We don’t need another bridge, we don’t need more traffic pollution, has anyone been to Leytonstone and had a look at the way road developments have destroyed things there? We don’t need the arrogant architects, what we do need is communities, creativity, engagement and places where people can afford to live and work and be part of that community they’ve helped build in a build in a beautifully organic way. Has anyone who lived or worked around here before the Olympic gained anything out of the legacy? (sw)
Today the Save Hackney Wick campaigners went to City Hall…. “WE WENT TO CITY HALL and with esteemed London Assembly members from all political parties and Tower Hamlets representatives by our side, we handed over a 10 000 strong Petition”. Here’s today’s press release in full, you can also view via this link
Community Campaign, London Assembly Members, Borough Council, and Experts Call upon Sadiq Khan to Halt Destructive London Legacy Development Corporation Plans
Today the Save Hackney Wick campaign handed a 10 000-strong petition to City Hall opposing plans by London Legacy Development Corporation to destroy a heritage-class Asset Of Community Value in Fish Island – displacing a creative community to pave the way for 2 bridges which would enable all modes road traffic to pass through a popular Conservation Area.
The Save Hackney Wick campaign is supported by a Cross-Party Coalition of London Assembly members pressing Mayor of London Sadiq Khan to rethink the demolition plans penned to start Monday January 29th
Many of the cross-party coalition were present for the handover representing all 4 main historical parties, including; Caroline Russell AM (Green) Andrew Boff AM (Con) Caroline Pidgeon AM (Lib Dem) Nicky Gavron AM (Lab), Navin Shah AM (Lab).
Tower Hamlets Council Mayor John Biggs, who has also strongly objected to the plans alongside his councillors and Tower Hamlets Labour Party, was represented by Tower Hamlets Councillor Rachel Blake
– After previous objections in which he referred to the H16 bridge as “unnecessary and should not go ahead”, Mayor John Biggs and Bow East Councillors wrote unified fresh objections last week to London’s Deputy Mayor for Transport on the subject of the “2 bridges on Fish Island which we do not believe are needed and we believe will damage the neighbourhood – because of increased congestion and poorer air quality”
– The extensive letter, which calls for a “meaningful review” and clarifies his aim to “suspend the proposals”, can be found HERE.
The campaign has also remarkably found support from the 2003 DCLG expert Ralph Ward who originally instructed the drawing of the plan. Mr Ward has said that the original plans were only “provisional” and in reference to the H16 bridge threatening Vittoria Wharf has stated “The position today reinforces my view that a further bridge is unnecessary and a waste of money” and “The project just doesn’t stack up.”

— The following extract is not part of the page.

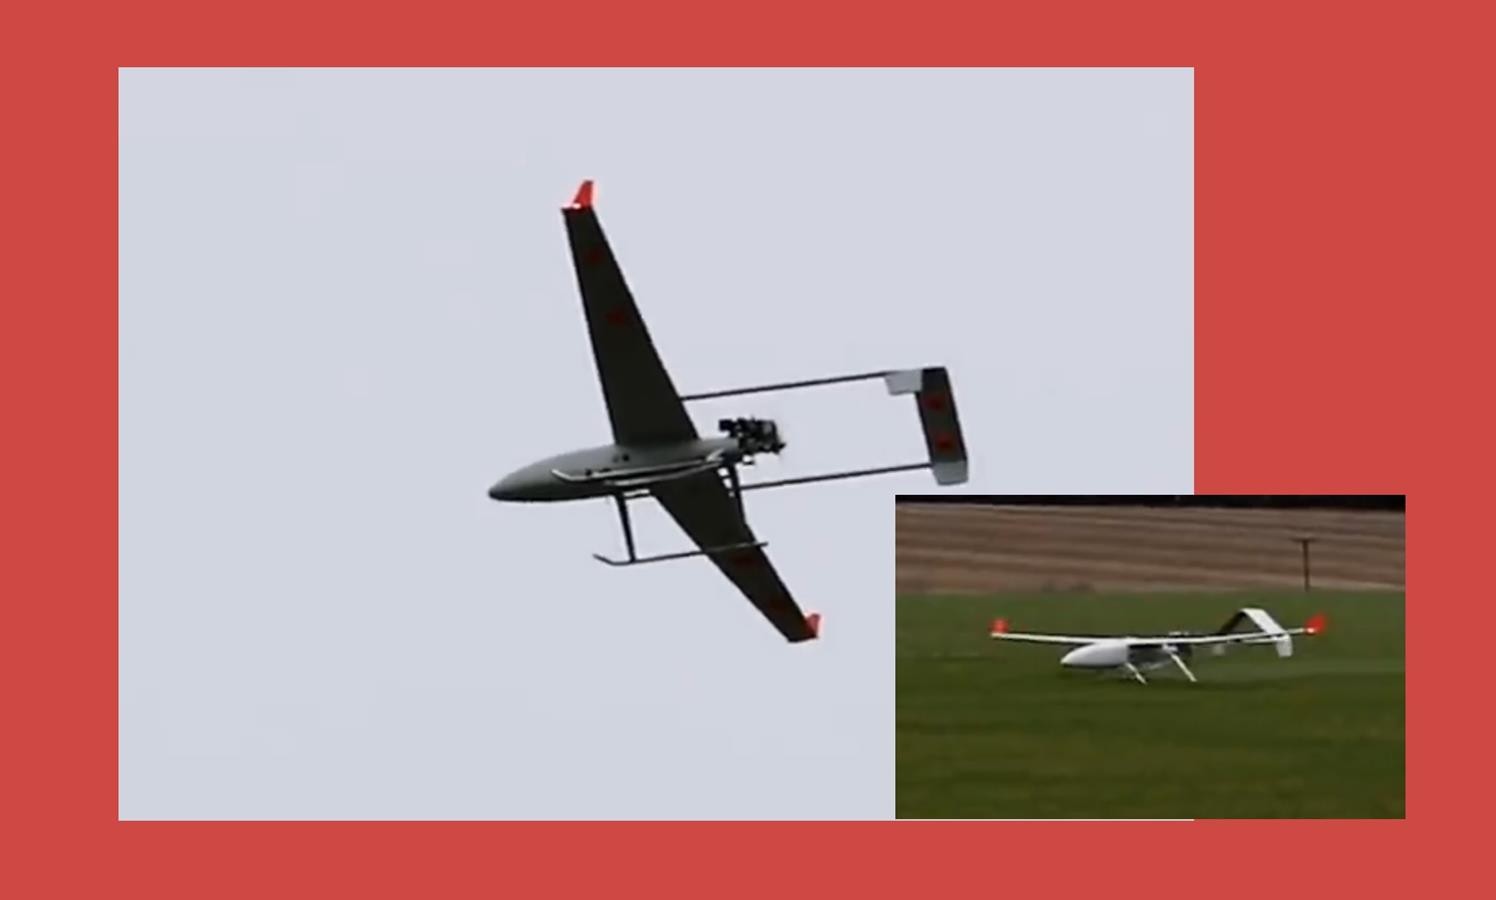 Pierwszy dron zasilany syntetycznym paliwem,Lotnictwo brytyjskie wspomogli naukowcy z USA, dron zasilany syntetycznym paliwem,

Similar expert views opposing the plans come from esteemed Industrial Archaeologist Malcolm Tucker, whose knowledge in the field of heritage value buildings has been described as ‘Formidable’ by Historic England. Tucker’s 2014 analysis of the building concluded:
“The buildings are of high quality and incorporate a variety of features of particular interest. They deserve to be included in the proposed conservation area extension and to be added to the Local List.”
Interestingly The Save Hackney Wick Campaign even found hidden analysis documents by LLDC itself, which the corporation neglected to reveal to Mayor of London Sadiq Khan.
LLDC’s own conclusion on the H16 bridge stated:
“The design fails to provide any meaningful public realm that would could take advantage of new pedestrian flows to help create a sense of vitality and vibrancy in the immediate area and does not stitch into the street network of Hackney Wick and Fish Island”
– LLDC H16 Feasibility Study April 2014
Save Hackney Wick campaign has also highlighted misleading comments by the LLDC who told the GLA’s Regeneration committee “The numbers will speak for themselves in terms of the community in the round…. there is overwhelming support for what we do”(LLDC Jan 2017)
The statement conflicts strongly with findings of a Nov 2016 independent survey of 549 local residents and businesses by the Save Hackney Wick campaign which found 98.3% opposition and LLDC have since failed to show any evidence supporting their statements to the GLA.
With a planned spend on the bridges estimated by some to fall between £10m-£20m, at a time where austerity cuts have meant well-documented pressure on public services such as local
emergency services in the NHS – and on the day of the Mayoral Budget meeting – many are calling on Sadiq Khan to suspend this plan and put the taxpayers money to better use, especially in light of his commitment to the creative industries, healthy streets, and heritage-led renewal.